Your task is to reproduce the listing exactly, without its images.

:: DATA PROVIDED ::
============================================================

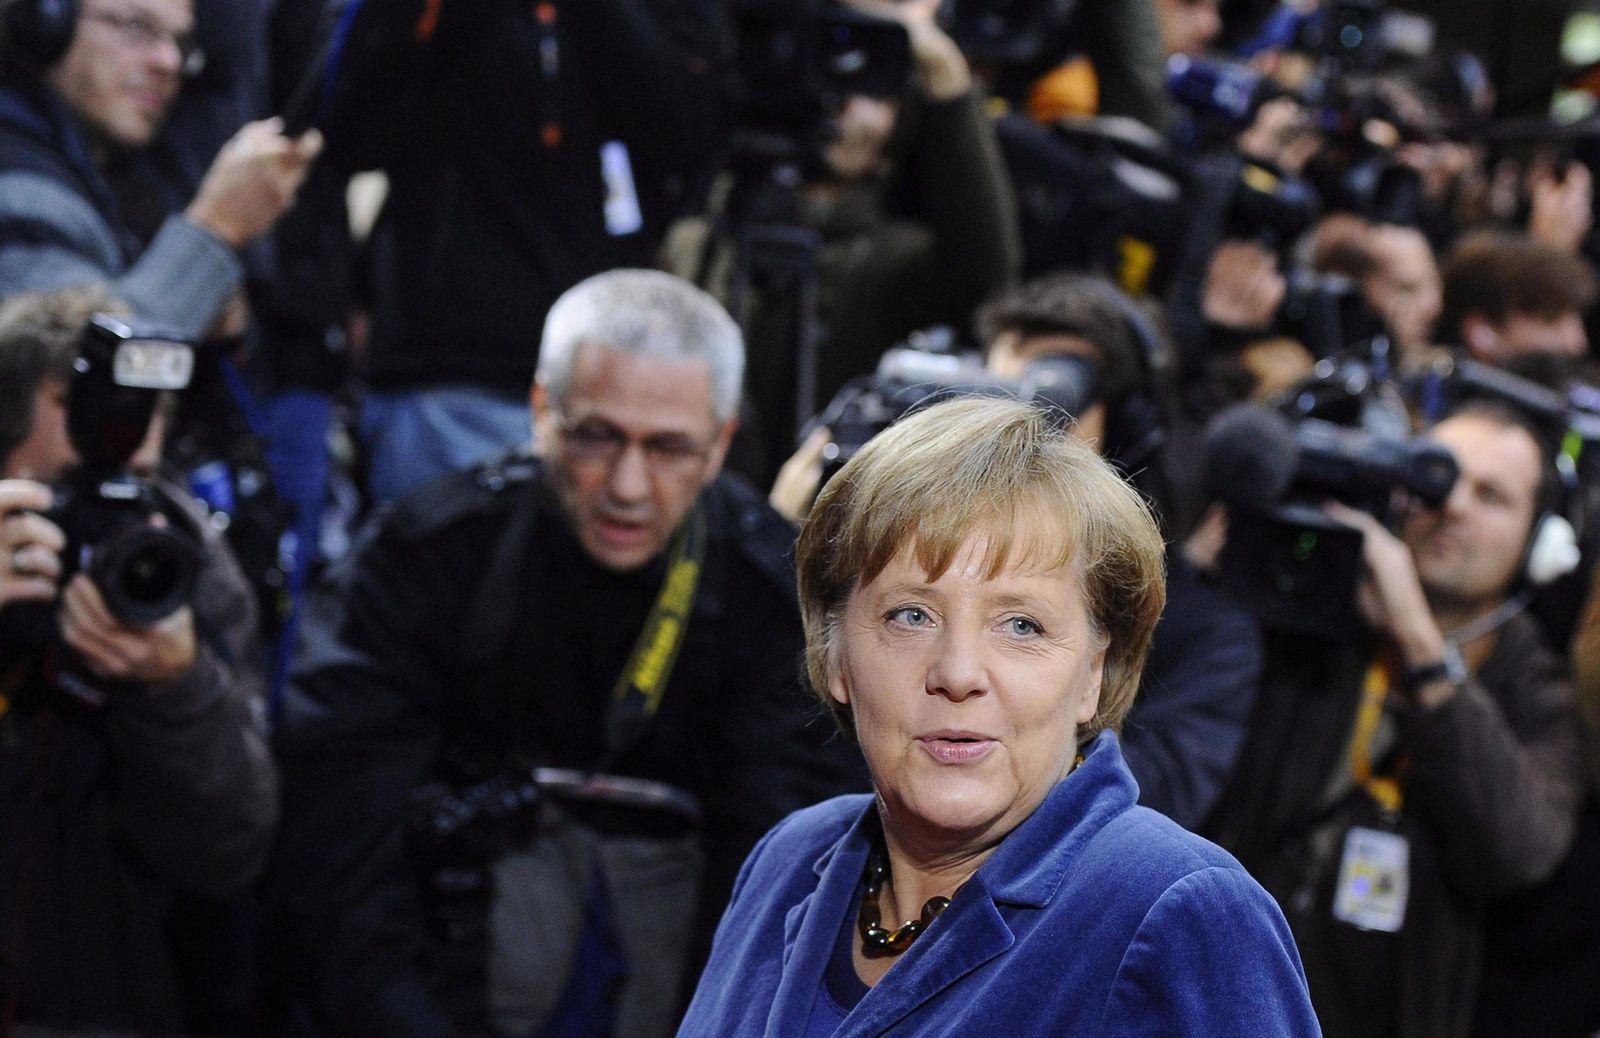 Angela Merkel, Brüsseler EU-Gipfel
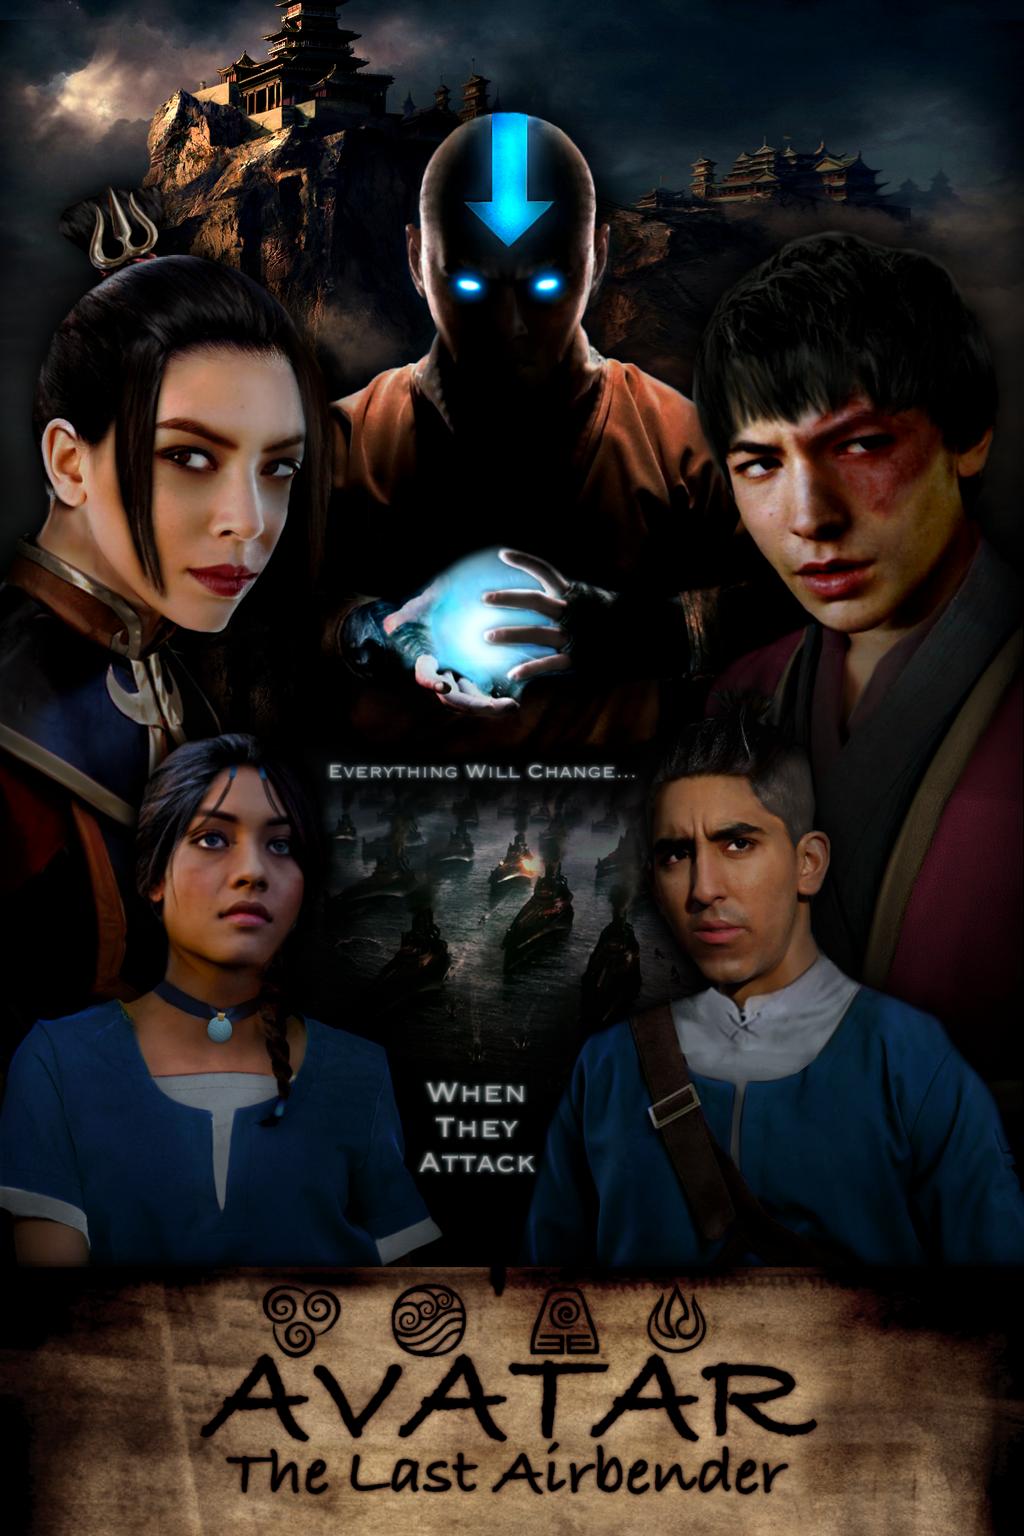 Movie art on Avatar-ATLA-Fans - DeviantArt  Avatar The Last Airbender 2 Movie
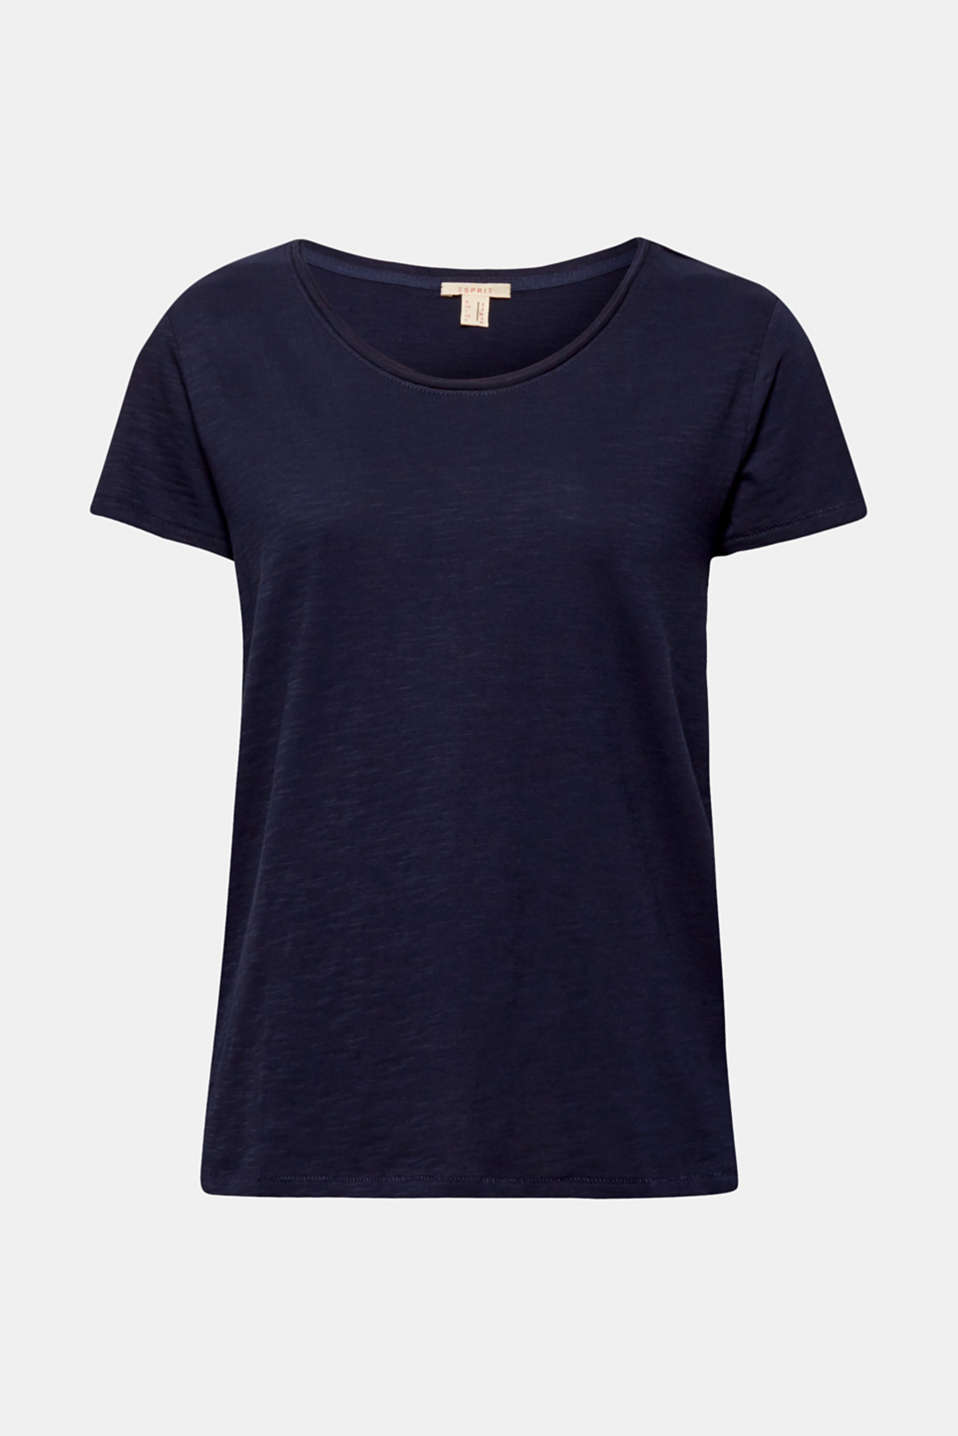 Lightweight slub T-shirt in 100% cotton, NAVY, detail image number 6

============================================================

:: ANSWER SECTION ::
 Angela Merkel, Brüsseler EU-Gipfel
 Movie art on Avatar-ATLA-Fans - DeviantArt  Avatar The Last Airbender 2 Movie
 Lightweight slub T-shirt in 100% cotton, NAVY, detail image number 6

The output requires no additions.